This is the tip of the ice berg. Every time we shop online, reserve a ticket or make a financial transaction, data is generated. Additionally, smart services for homes, businesses, manufacturing and governments require sharing masses of personal data between individuals and organizations or individuals and governments.
The amount of data we create will only keep growing. Research by the International Data Corporation (IDC) estimates that by 2021, 75% of enterprise applications will use artificial intelligence (AI). As AI technologies evolve and are used to improve products, services and our lives, we need now to ensure the privacy and security of all our personal data.
The role of standards
Many questions remain, for instance, how much of our personal data already exists, where is it, who can access it, who is using it and for what purpose? How anonymous is our data, in other words, can we be identified by this data or the different data sets which already exist, if algorithms are able to put this information together? Finally, what recourse is there if the data is used in a way that has negative consequences?
One way to protect data is through standardization. IEC and ISO develop international standards for information technology through their joint technical committee (ISO/IEC JTC 1), which covers different aspects of data, including privacy, security and storage. Work is also under way to address ethics and other societal concerns, such as transparency and accountability, as well as bias of data sets for algorithms, which are then used in health, financial and many other applications.
Interview with Ian Oppermann, Chief Data Scientist and CEO of the NSW Data Analytics Centre
e-tech caught up with Ian Oppermann, President of the JTC 1 Strategic Advisory Committee in Australia, to learn about the need to develop international standards for data sharing frameworks.
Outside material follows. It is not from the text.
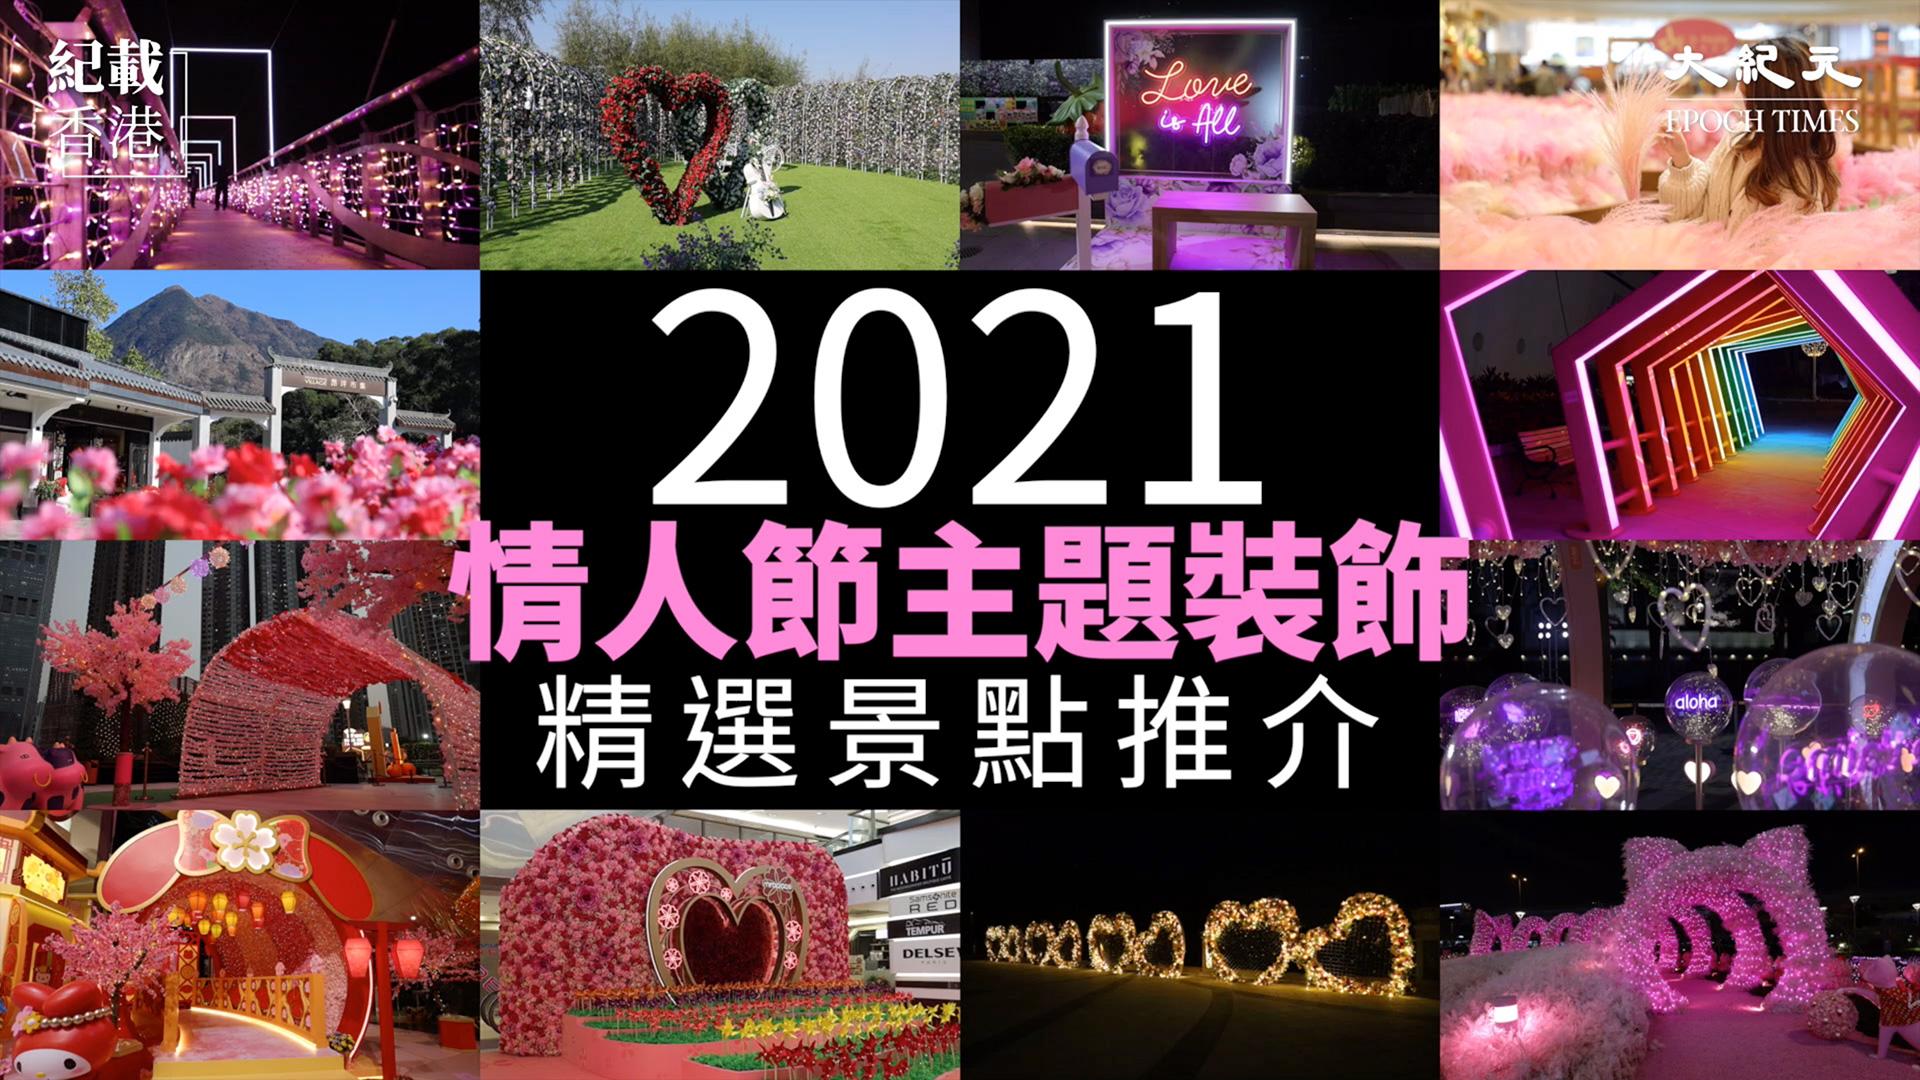 2021年情人節裝飾。(設計圖片)
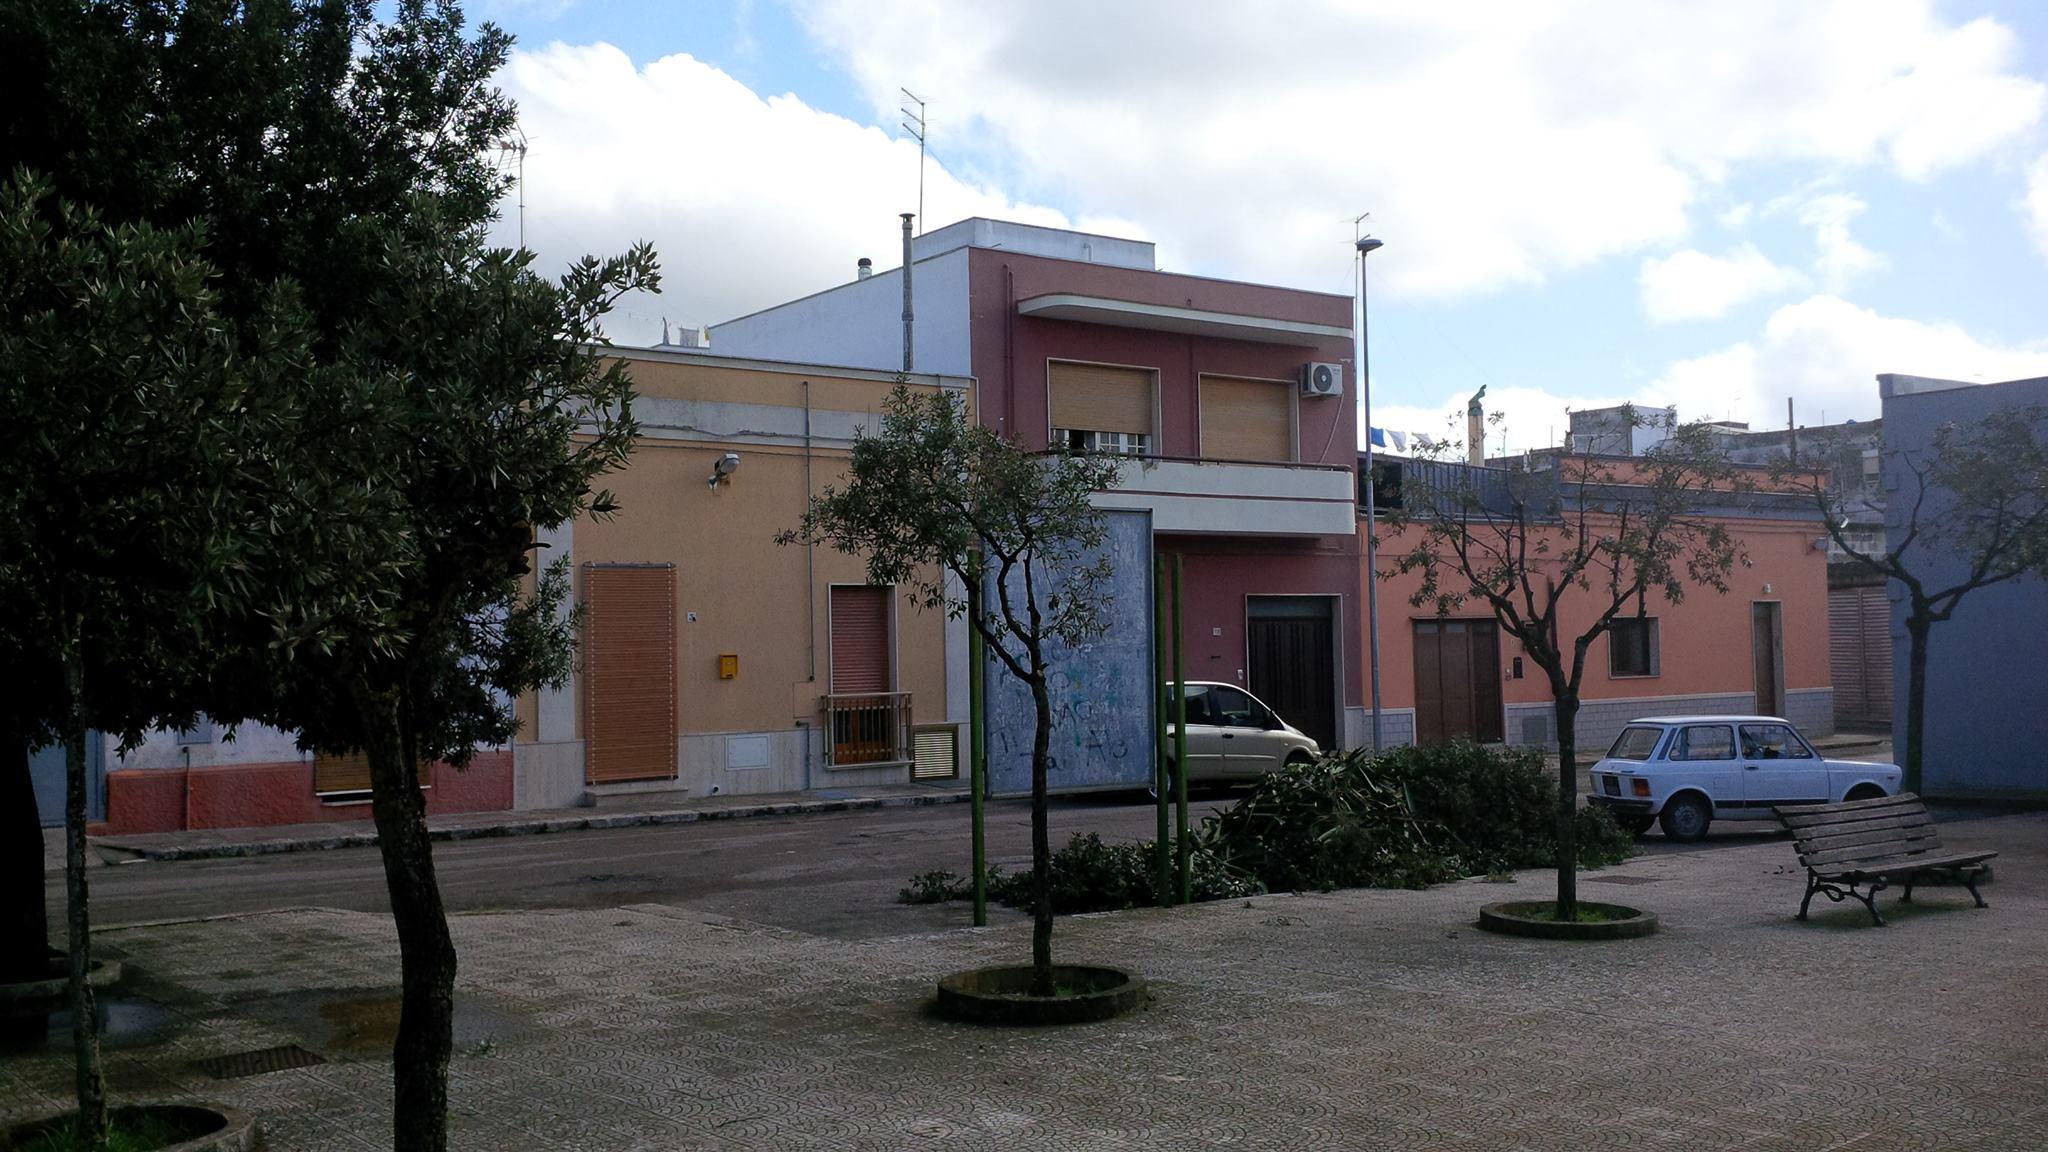 lecci - Piazza Archita

What are the main issues with data?
We live in a world where we share data all the time which includes our personal preferences and we like it, provided we don’t think there are detrimental outcomes. Social media is a great example, where we connect and share with friends. This is all good, but what if someone uses social media to understand your voting preferences and nudge you in a certain direction?
Would you consent to the authorities monitoring your whereabouts? In order to answer the question, you would need to know why they wanted the information. If it were to improve transport services you may agree; if it were to fine you for jaywalking, you may think twice. The issue of how much personal data can be used and in what circumstances is a debate which needs to happen in society. It will differ from country to country, because of diverse customs and attitudes.
The examples of data sharing are growing by the day and it is complicated. You have to think of the entire data set about you, that is out there, who you shared it with and what they could do with it.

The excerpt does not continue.